The data
/---

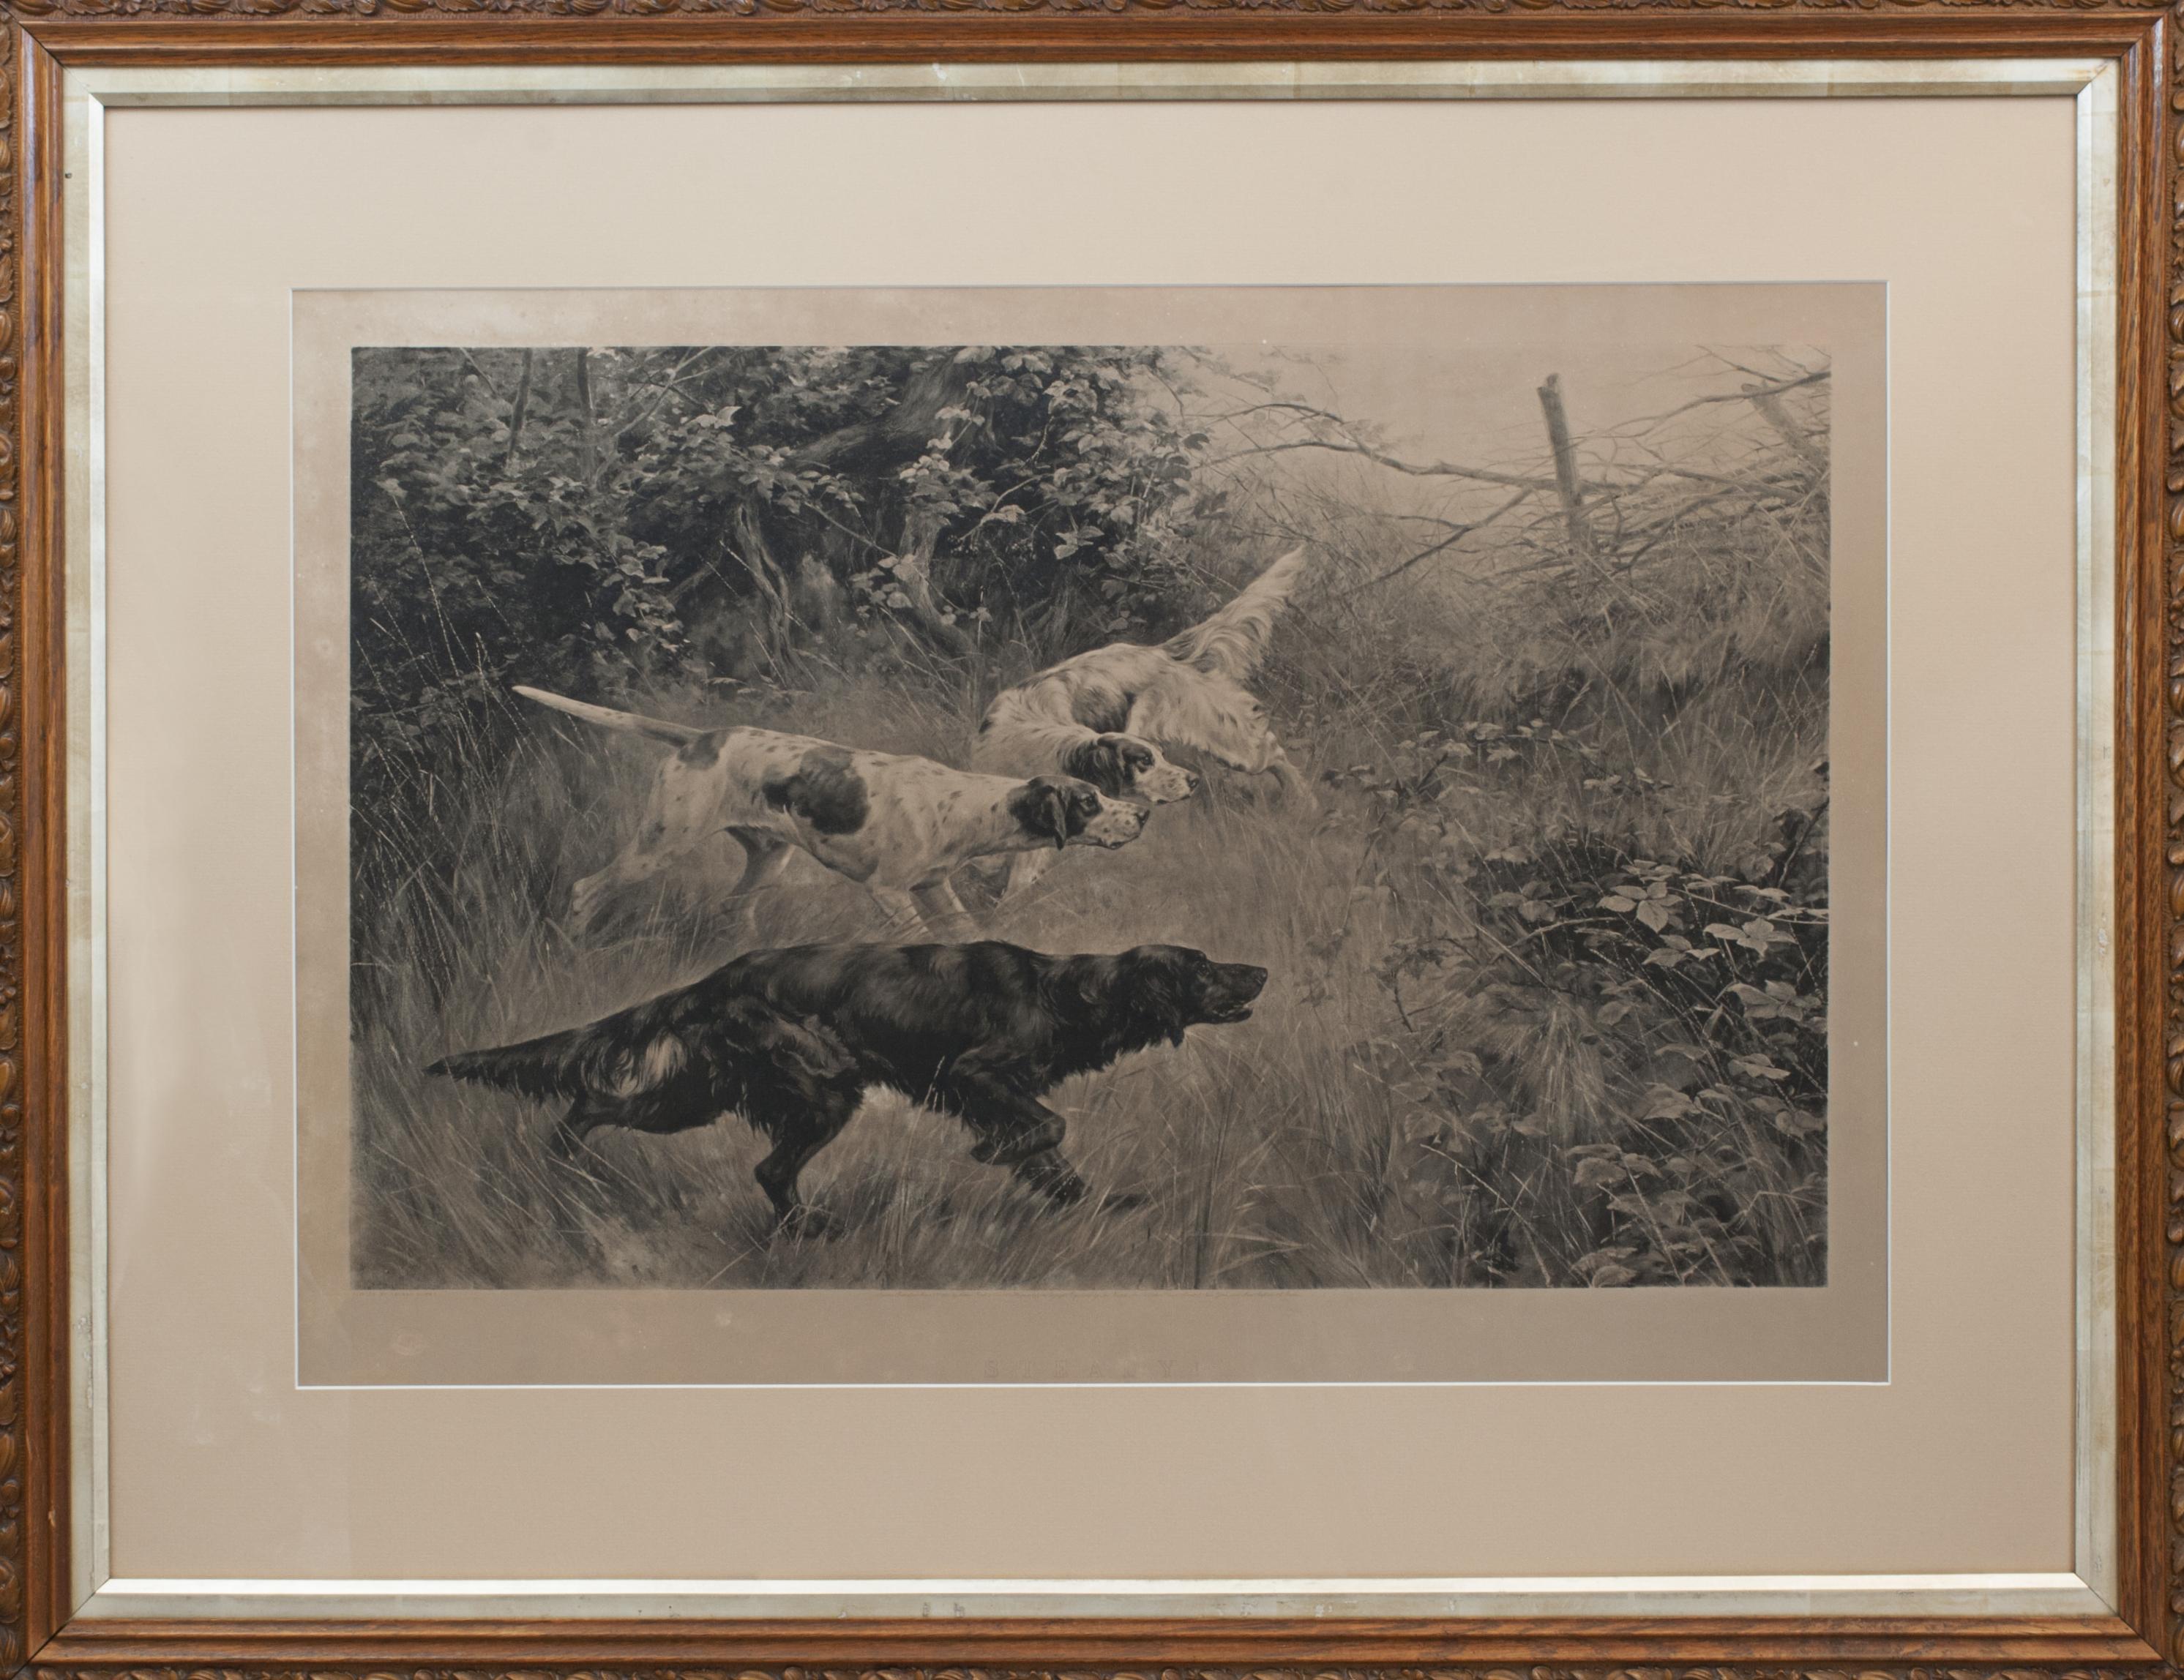 Sporting Print Of Setters. A Thomas Blinks Photogravure, Steady!
A wonderful large photogravure after Thomas Blinks original painting. Framed in original carved oak frame with gold slip. Steady! is a wonderful photogravure of three setters flushing
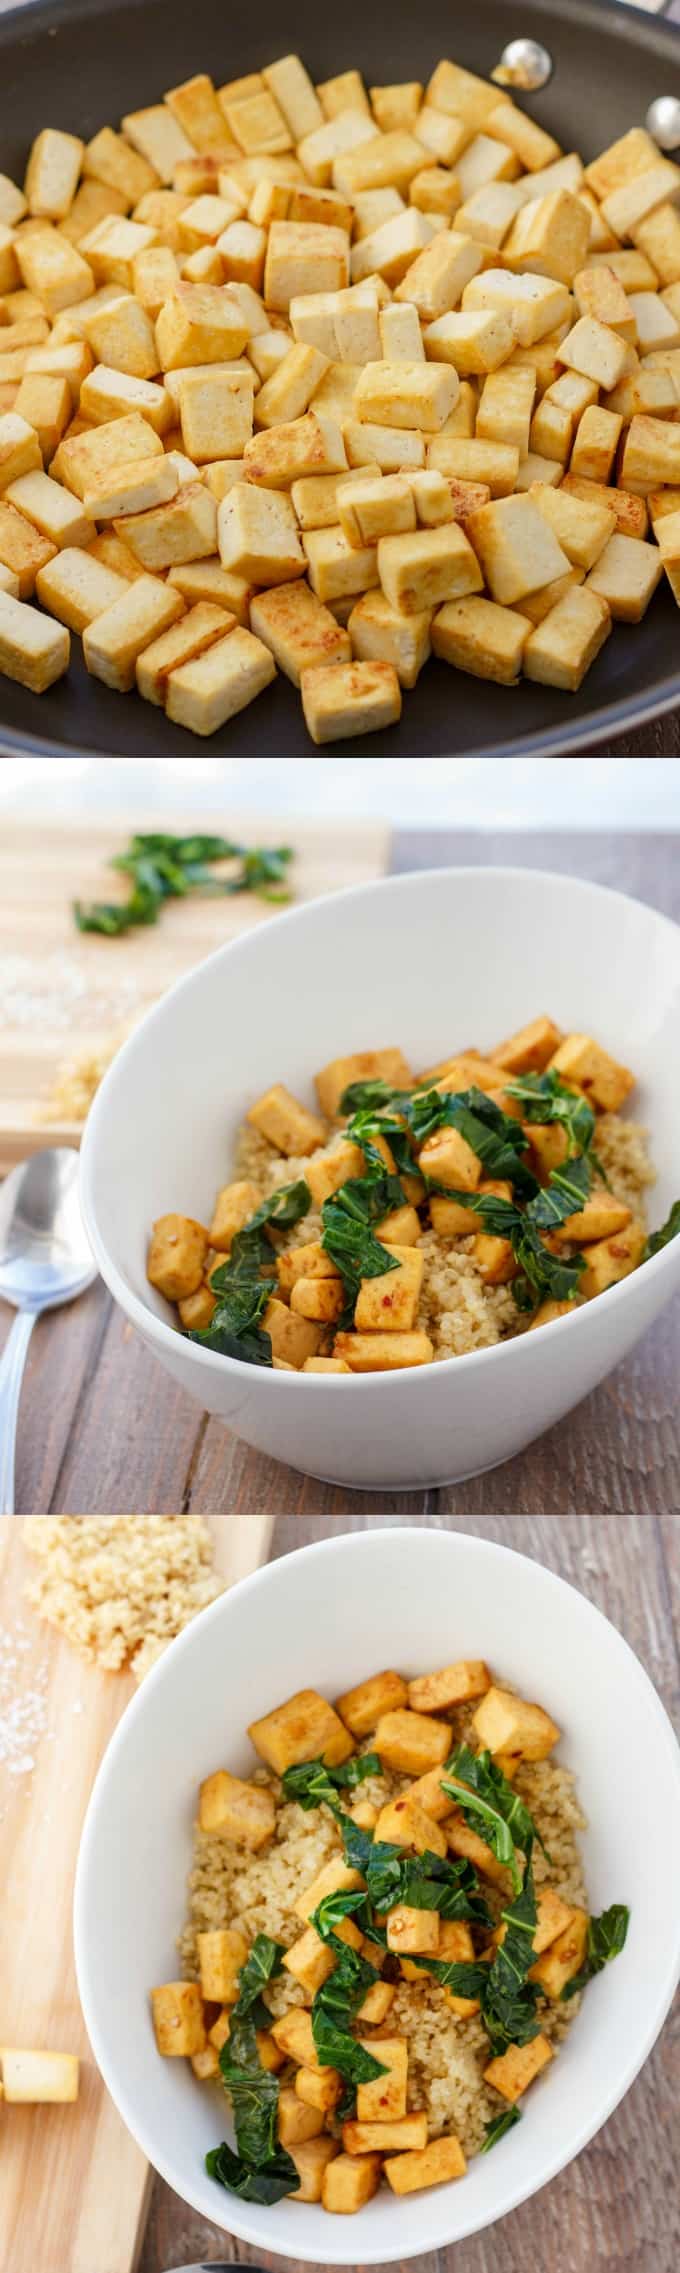 Sweet and Tangy Tofu with Greens over Quinoa in pot, white bowlon table #dinner
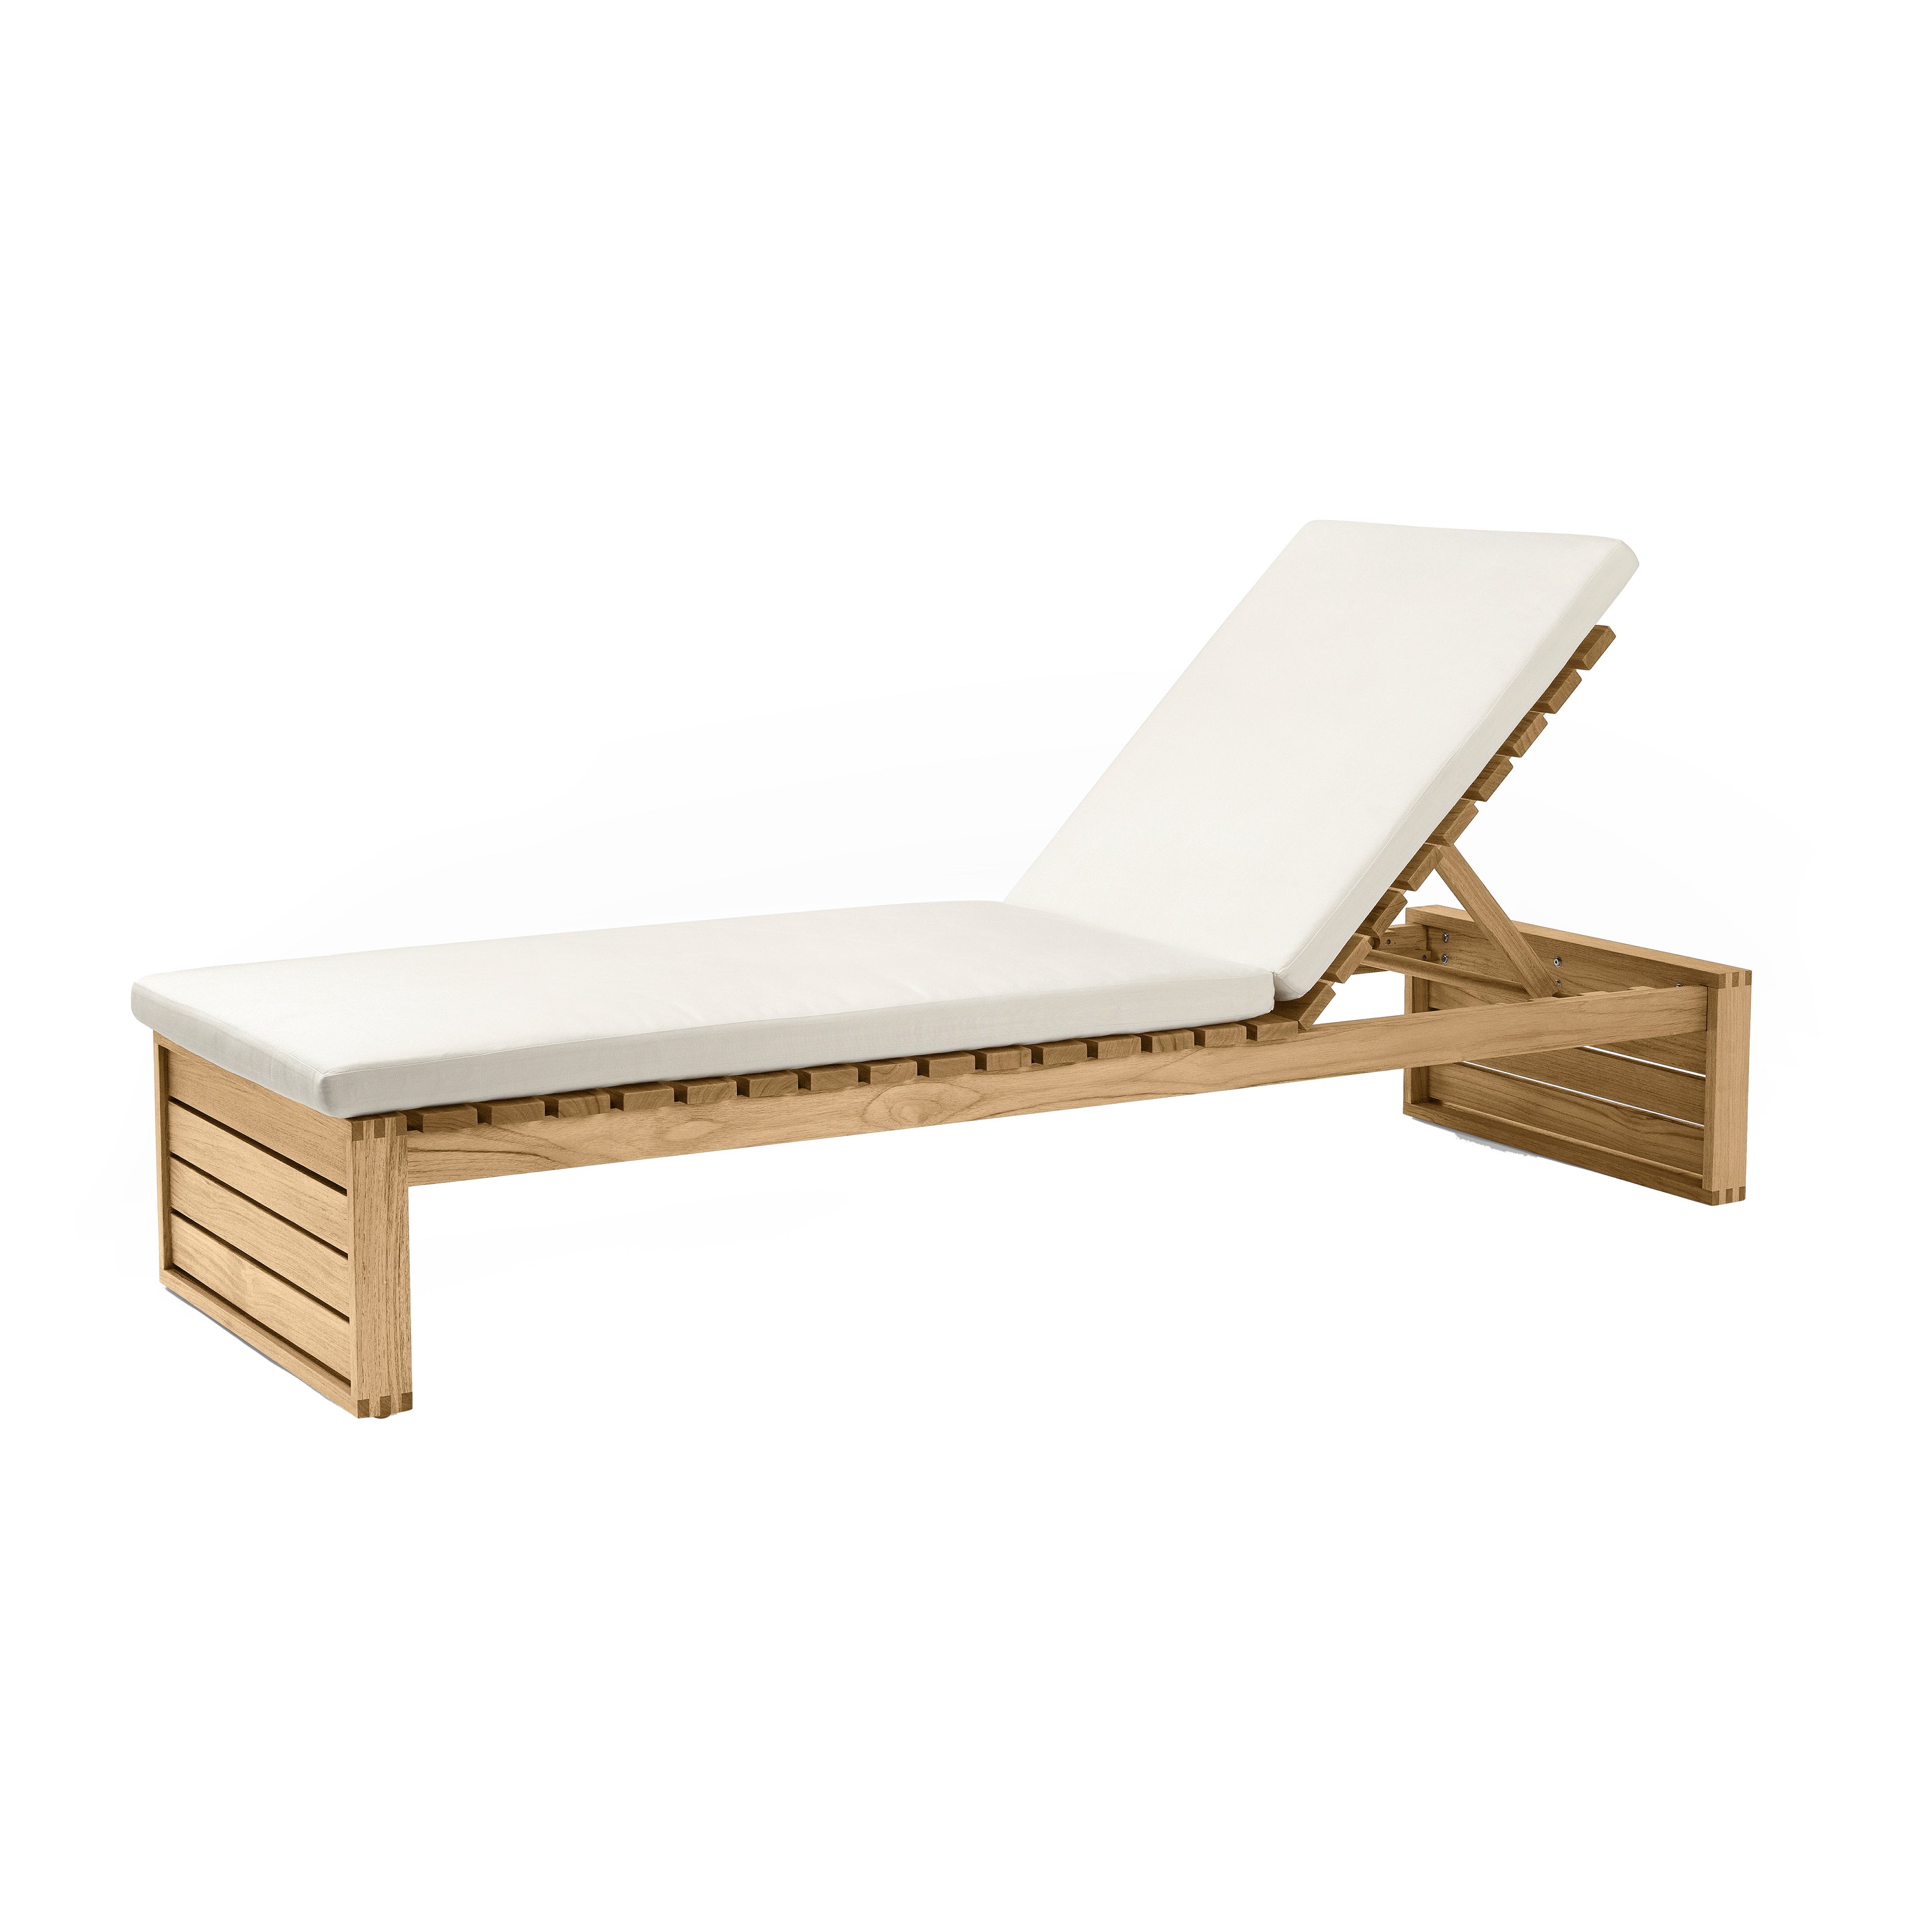 BK14 Outdoor Sunbed: With Canvas Cushion

\---

Prompt
From the line containing "Sweet and Tangy" through the final line of the listing, copy every line exactly and nothing else. Skip the pictures.

Solution to this problem
 Sweet and Tangy Tofu with Greens over Quinoa in pot, white bowlon table #dinner
 BK14 Outdoor Sunbed: With Canvas Cushion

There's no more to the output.